Champagne and Baloney: The Rise and Fall of Finley's A's
- First edition
- Author: Tom Clark
- Language: English
- Genre: Nonfiction
- Published: 1976
- Publisher: Harper & Row
- Publication place: United States
- Pages: 432
- ISBN: 0060108320

= Champagne and Baloney =

1976 book by Tom Clark

Champagne and Baloney: The Rise and Fall of Finley's A's is a nonfiction book by poet Tom Clark, published in 1976. It chronicles the ups and downs of Charles O. Finley's Oakland Athletics, who won three World Series, in 1972, 1973, and 1974, before falling apart.
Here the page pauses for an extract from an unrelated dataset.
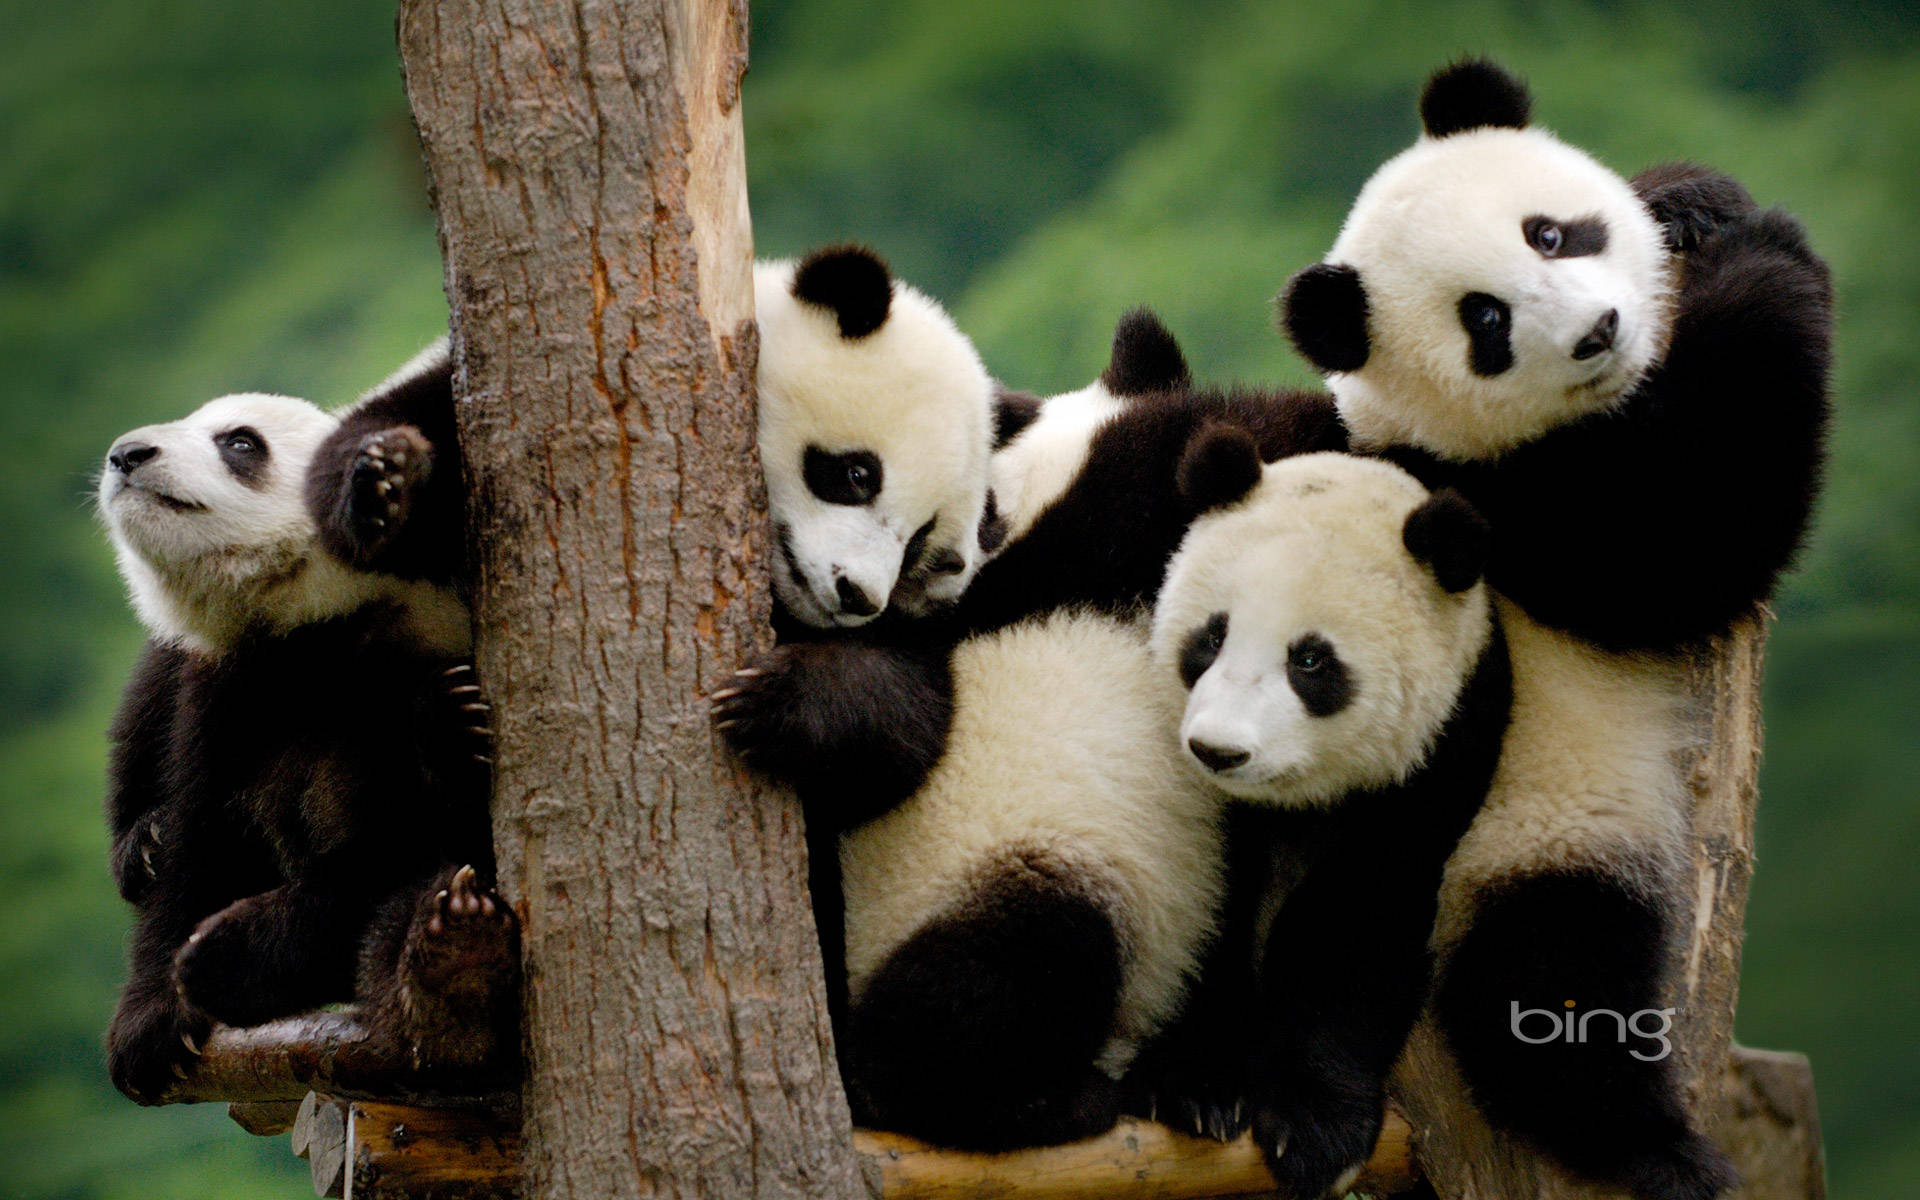 A happy group of pandas enjoying the natural beauty of the outdoors. Wallpaper
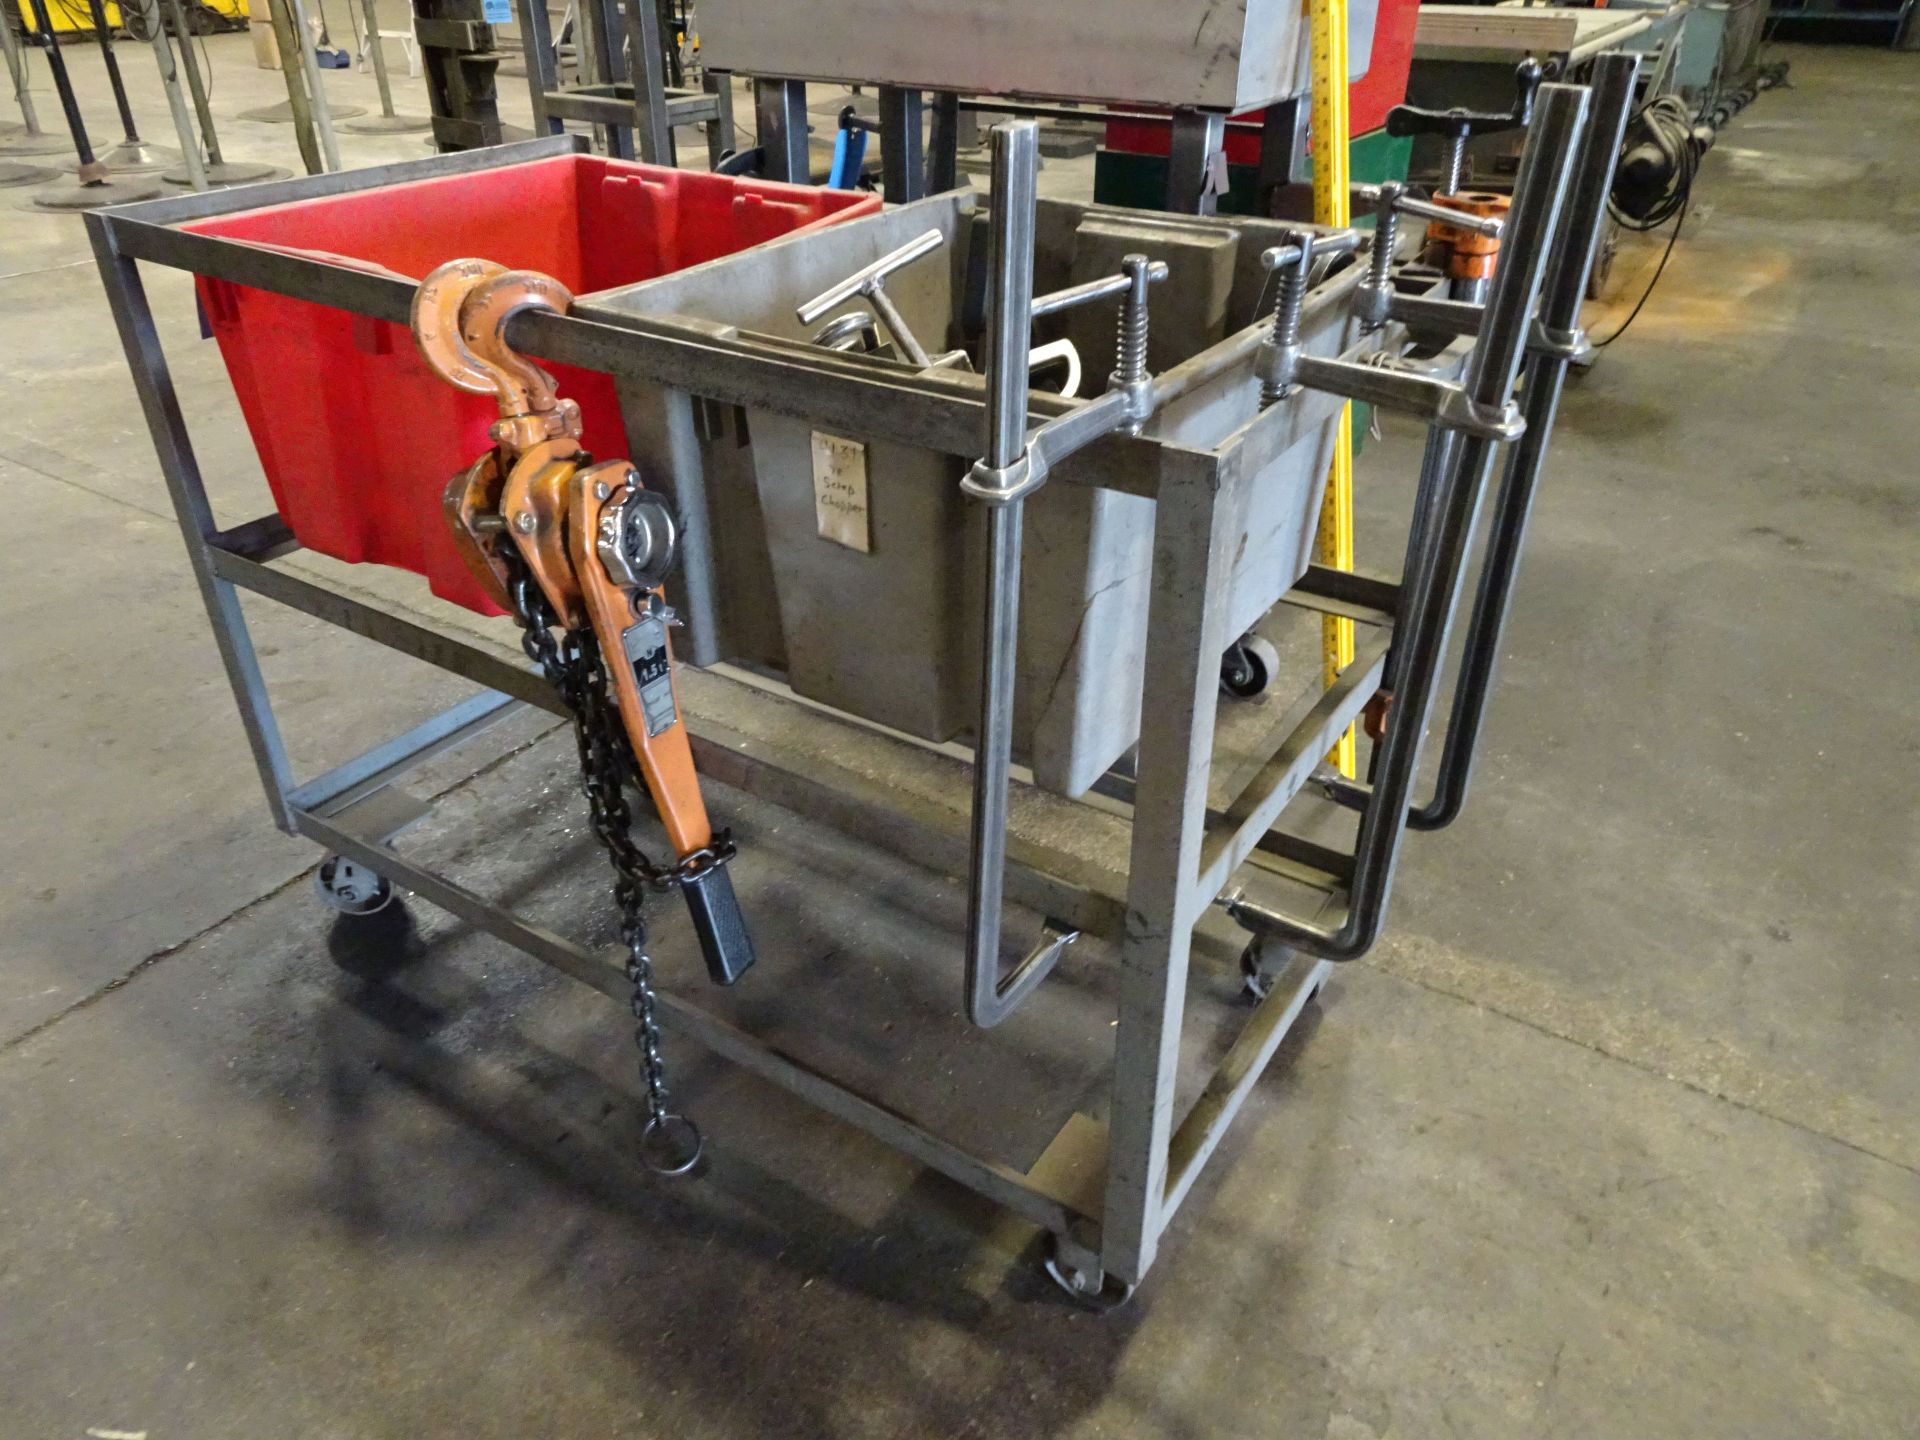 (LOT) MISCELLANEOUS C-CLAMPS, PLATE LIFTERS AND MAGNETIC SHEET LIFTER WITH CART - Image 4 of 4

The book includes portraits of players and team affiliates, drawn by the author. Champagne and Baloney was one of many baseball books written by Clark.

==Critical reception==
The book earned mostly strong reviews. The New York Times wrote that "Mr. Clark puts the mess that Finley has made into narrative order. Then there is Mr. Clark's rollicking present-tense narrative, which is so breezy that it's gusty." Kirkus Reviews opined that "Clark has plenty of wit and sarcasm to unloose on Finley's 'preternatural talent for antagonizing people.'" Journal of Sport History called it "a highly readable narrative" and thought that it was better than Herb Michelson's then-recent The Mustache Gang. Ron Padgett, in The Poetry Project Newsletter, declared that the book "is an eminently likeable and occasionally brilliant quick read. On the surface a detailed account of the Oakland Athletics, it is also an exposition of the author's affection for baseball and writing." A dissenter, Greil Marcus, writing for Rolling Stone, thought that the book worked best as a play-by-play analysis of the team.